確か体育祭の騎馬戦で出久と組んでて、個人戦で飯田くんと当たって自分のサポートアイテムプレゼンしていた人、だよな。
「難題だとは思うんですけど、私の目標は凄く高いところにある……だからお願いします!」
「まあ、それに答えてこそのデザイナーなので‼」
真剣な私の懇願がさらっと流される。何と言うか、凄い人だなこの人。
「戦闘服のデザインの変更に要望などありますか?」
「いや、特には…動きやすさ優先でお願いします」
「わかりましたとも‼ 近接を目指したいのなら、グローブがいいでしょうね! でも、救助も力を入れているようですから、指先は開けておきましょうか!」
「は、はい……」
怒涛の勢いで新しい戦闘服のデザインを書き上げていく。勢いが凄い。けど、指摘は的確だし、私の要望にもあっている。勢いは半端ないけれど。

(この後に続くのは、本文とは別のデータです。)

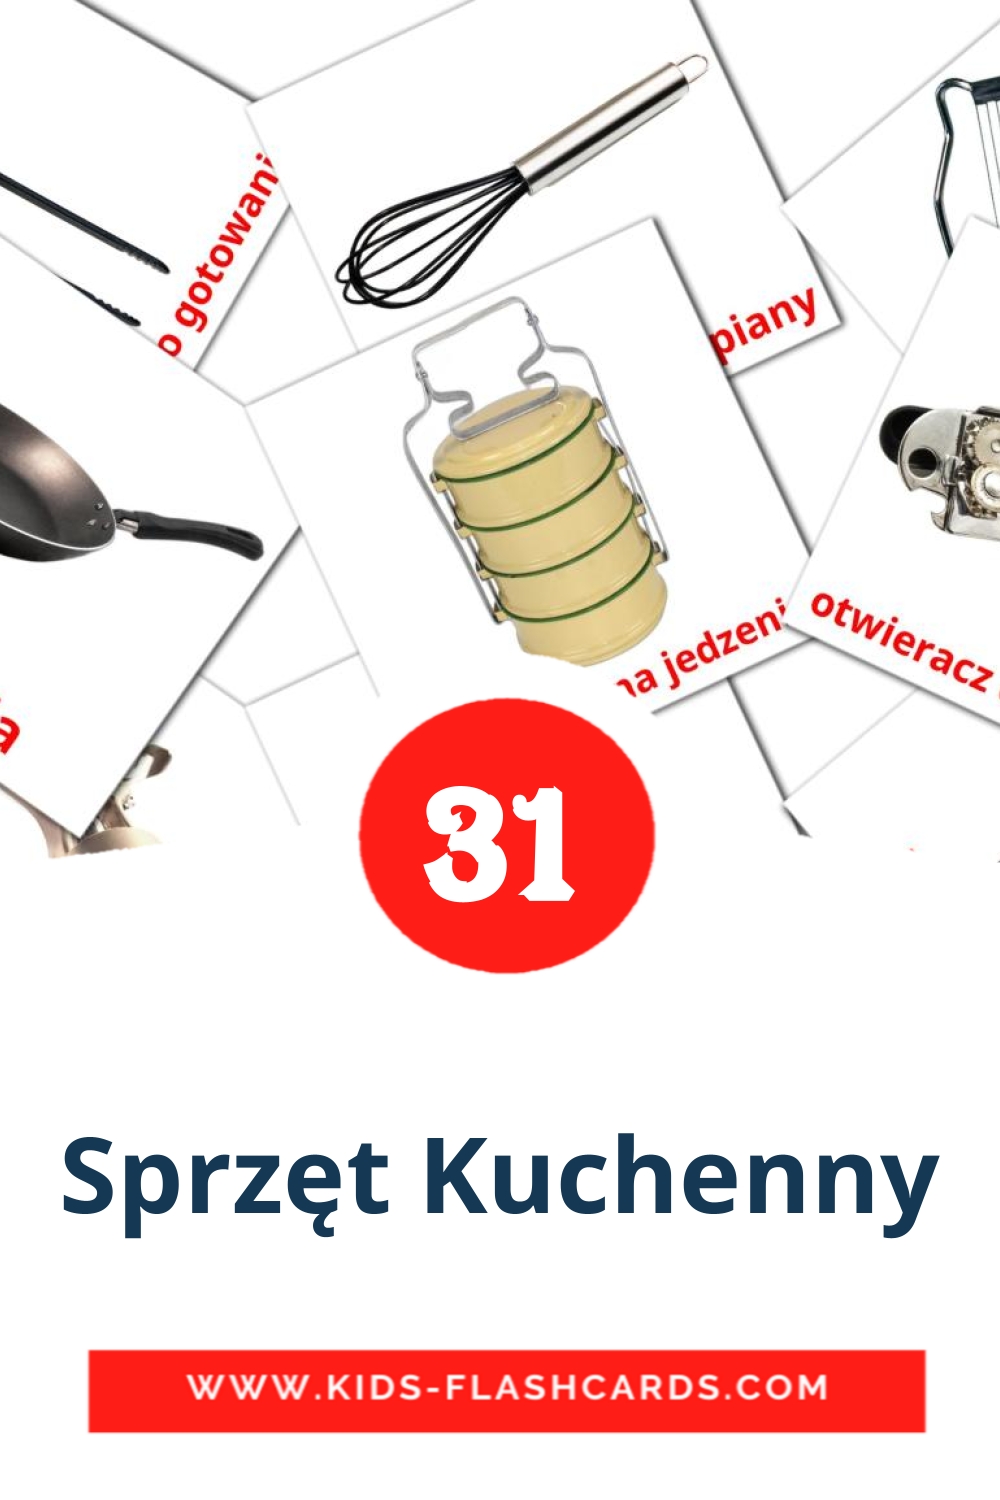 35 Sprzęt Kuchenny Picture Cards for Kindergarden in polish

「このようなデザインはどうでしょう⁉ 上は半袖タイプで肩回りの動きやすさが現在よりも楽ですし、下のマント状の布も短くして動きやすさを出しました! グローブも指先が開いたものです!」
「……はい、とってもいいです! ――あ、その、戦闘服に差し色? にちょっとオレンジ系の赤を入れて欲しいんですけど……」
「なるほど、反対色があればデザインも引き締まりますね。わかりました。申請しておきましょうか!」
「ありがとうございます」
新しい戦闘服はあと数日あれば申請してサポート会社が改良してくれるそうだ。雄英の提携しているところは超一流なのでだいたい3日だそうだ。早い。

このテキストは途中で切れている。